GIVEN INFORMATION

━━━━━━━━━━━━━━━━━━━━━━━━━━━━━━

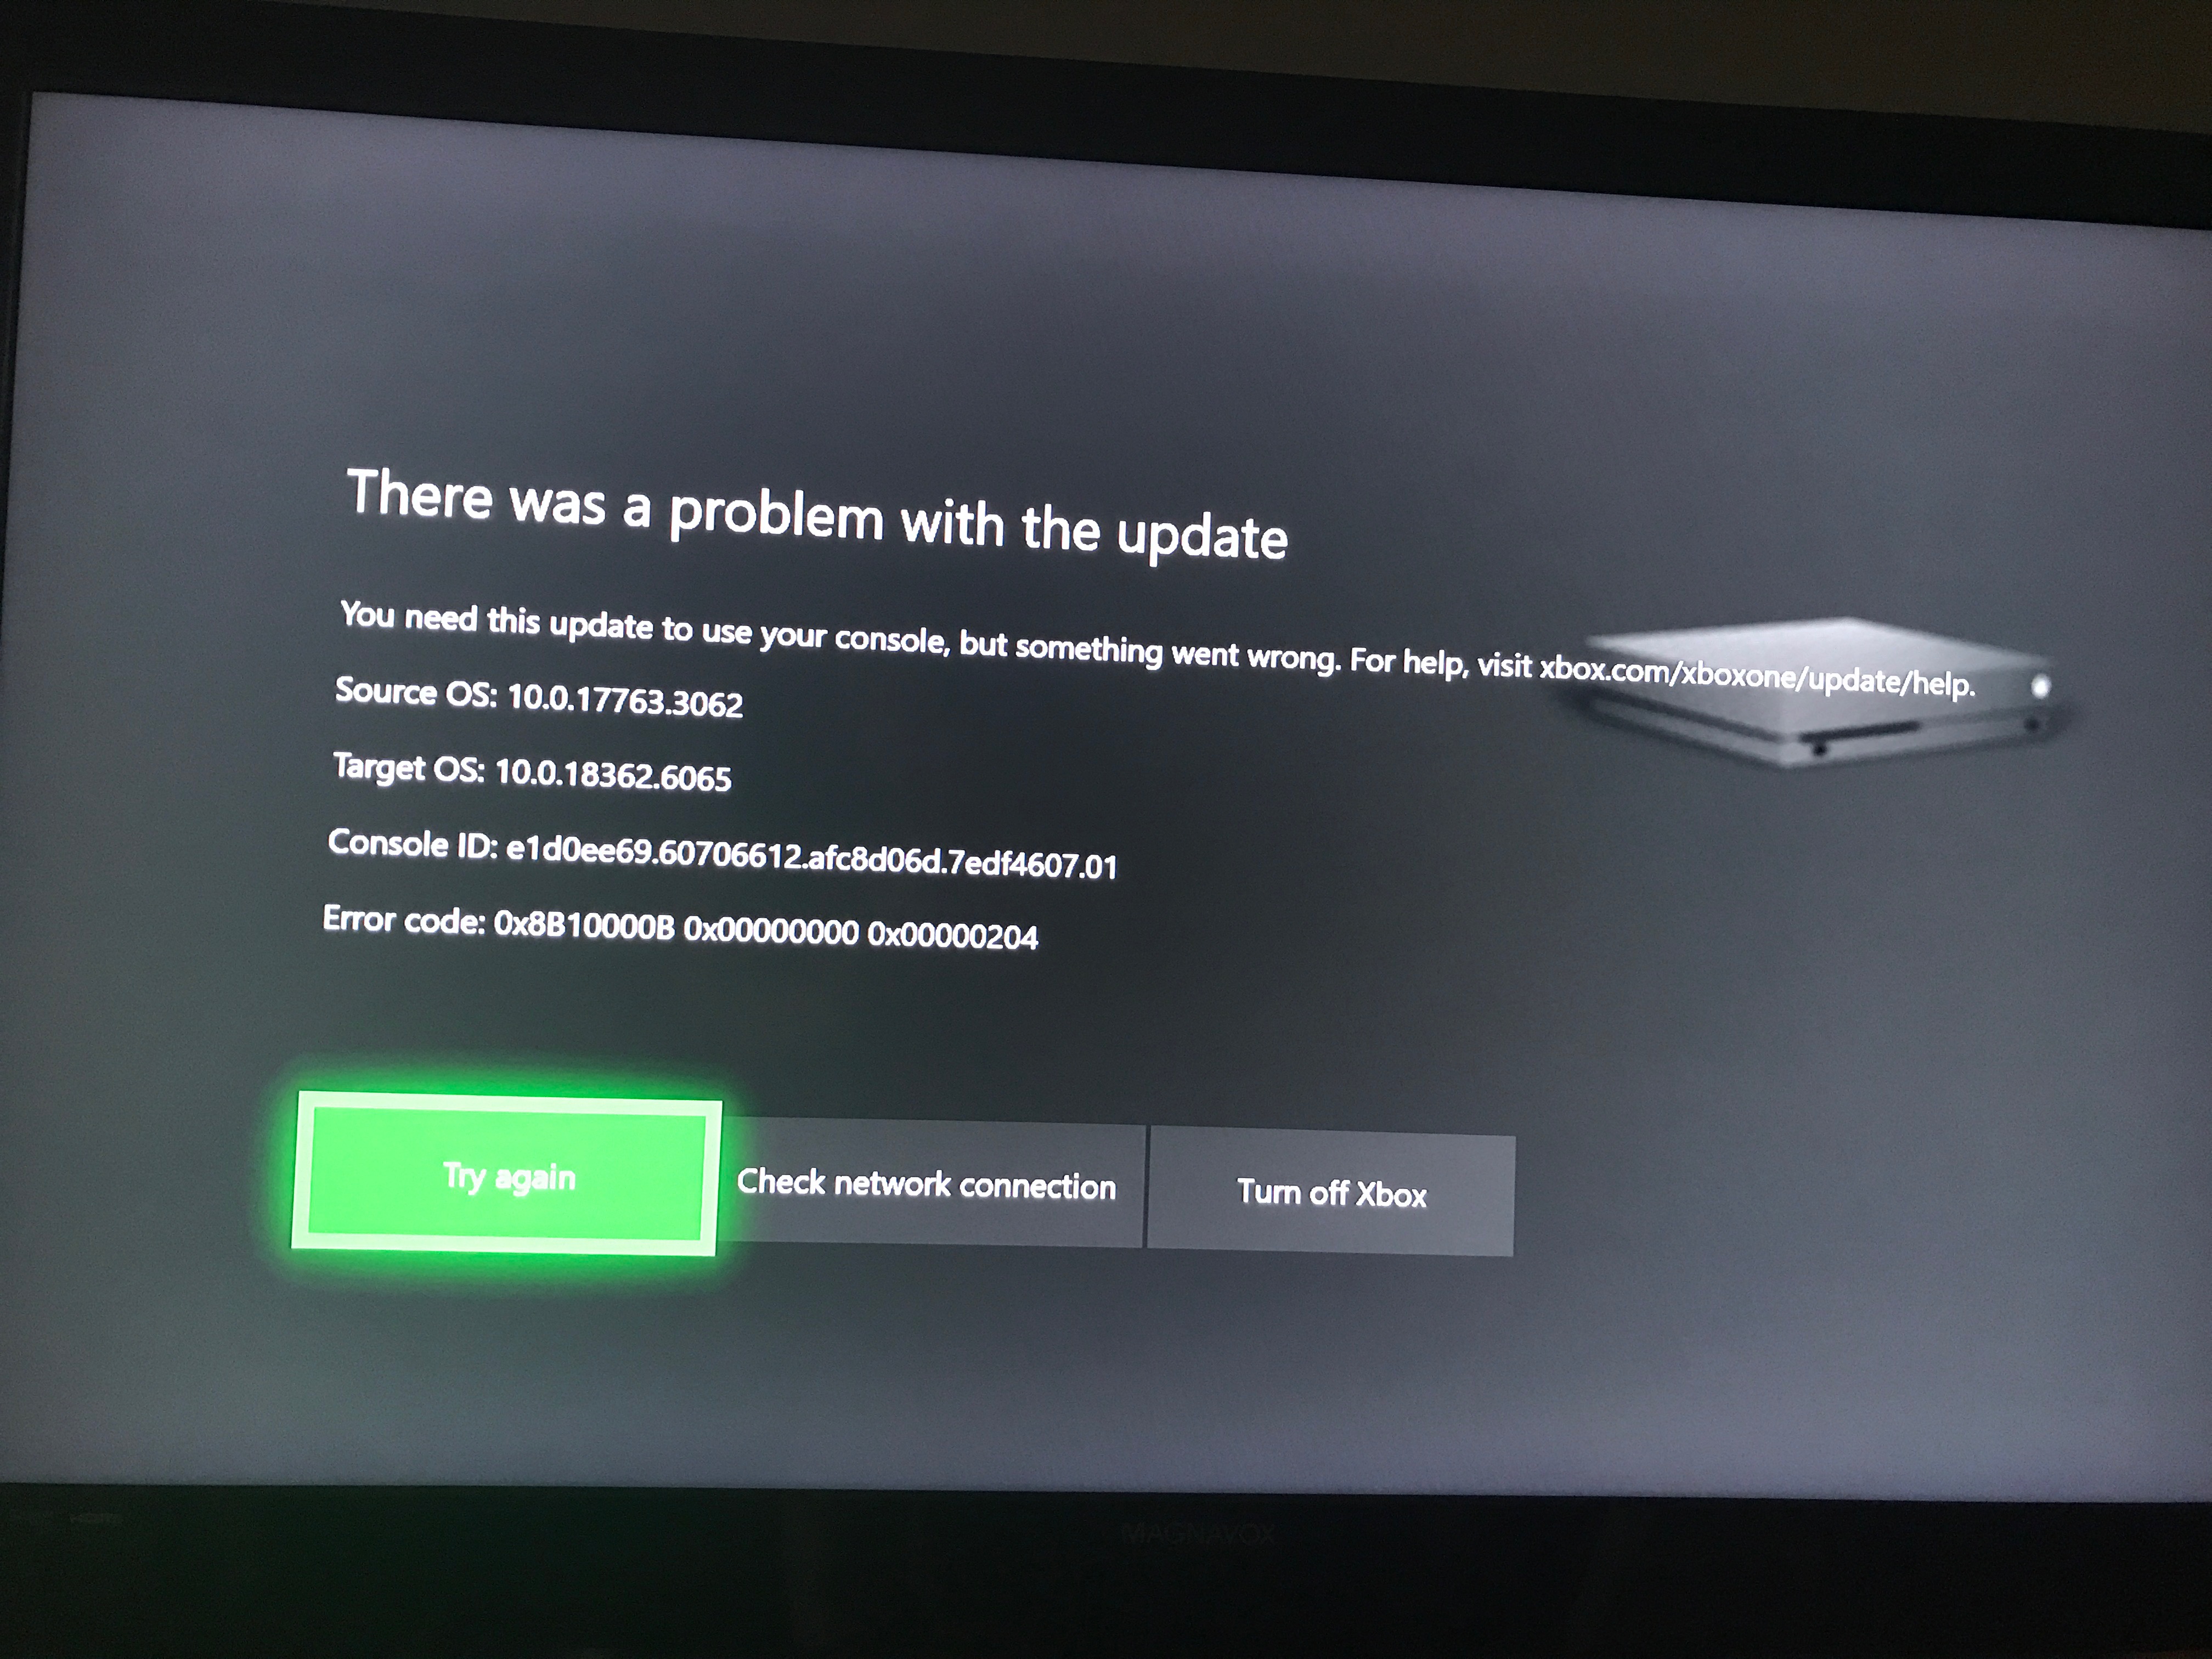 Xbox One X initial setup "There was problem with the update" - Community
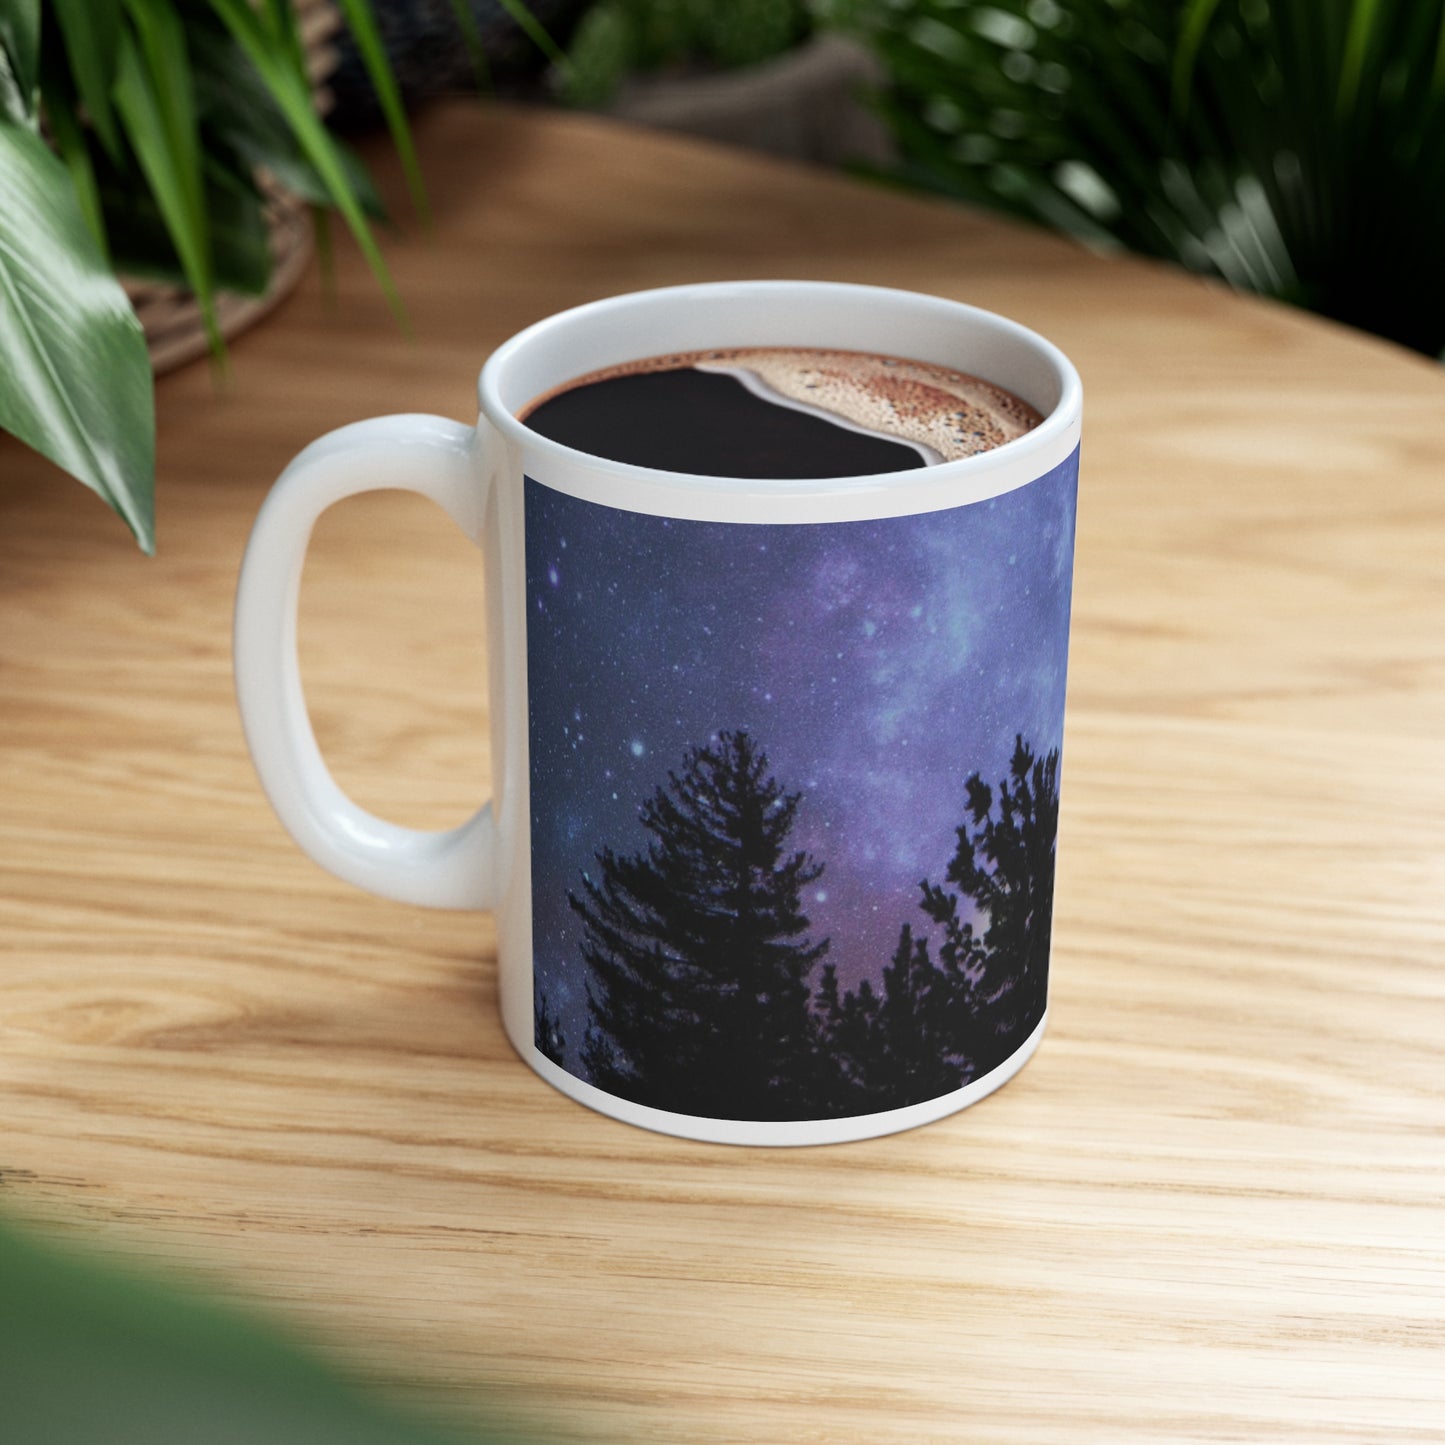 Mock up of the mug filled with a beverage sitting on a wood surface
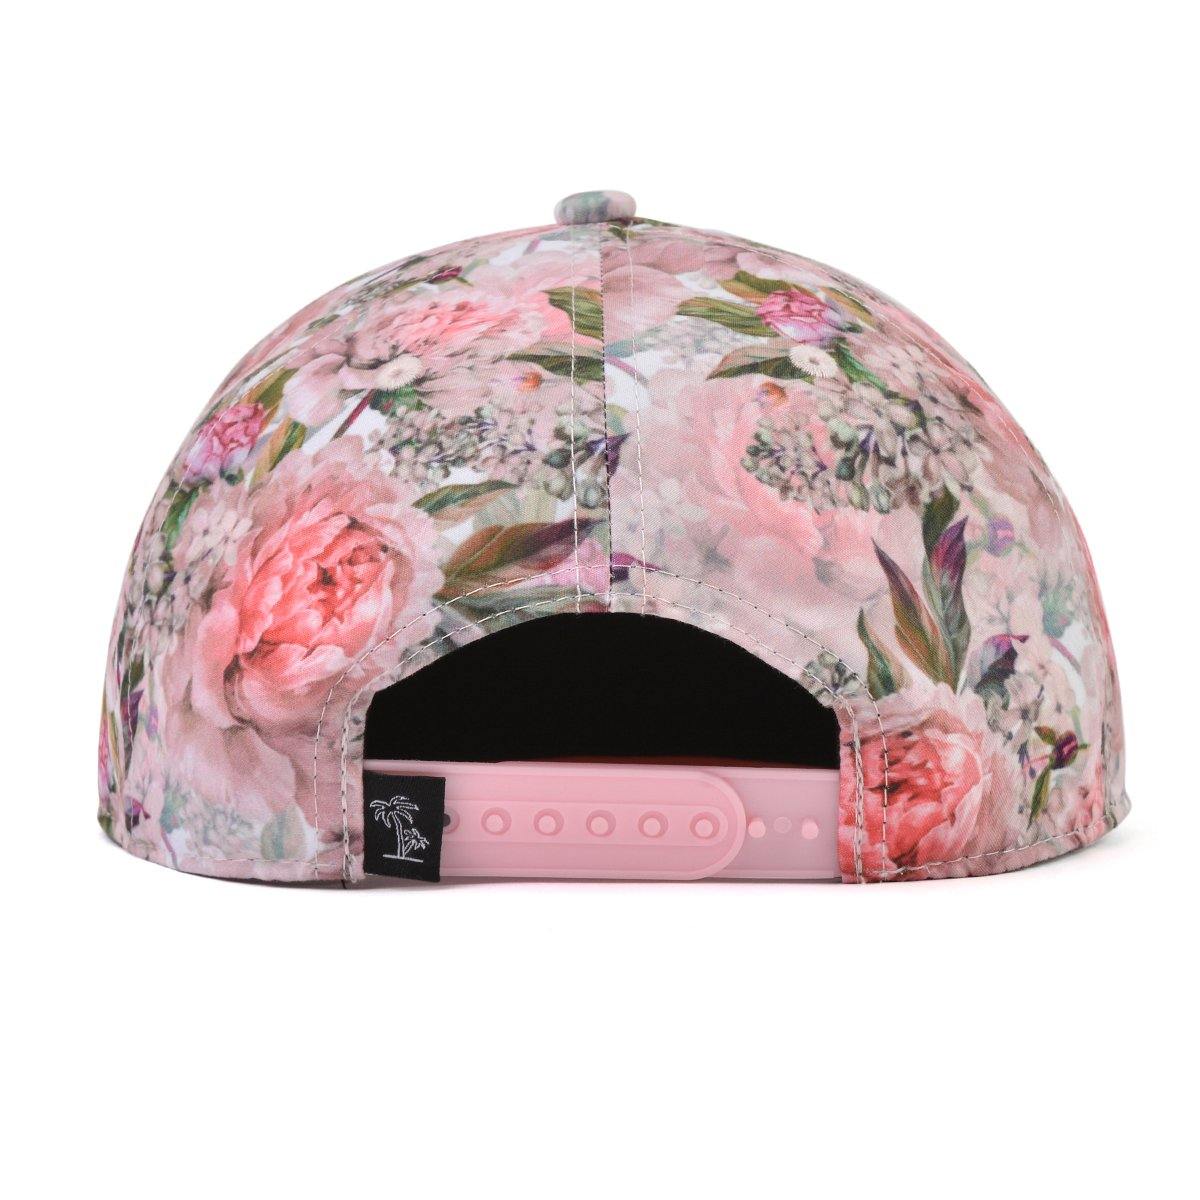 Kids and women's pink floral snapback hat. Cubs & Co. Australia.

━━━━━━━━━━━━━━━━━━━━━━━━━━━━━━

TASK ITEM
Write out, word for word, the line containing "Mock up of the" and each line after it to the end of the data, and nothing more. Drop the pictures.

RESPONSE AREA
 Mock up of the mug filled with a beverage sitting on a wood surface
 Kids and women's pink floral snapback hat. Cubs & Co. Australia.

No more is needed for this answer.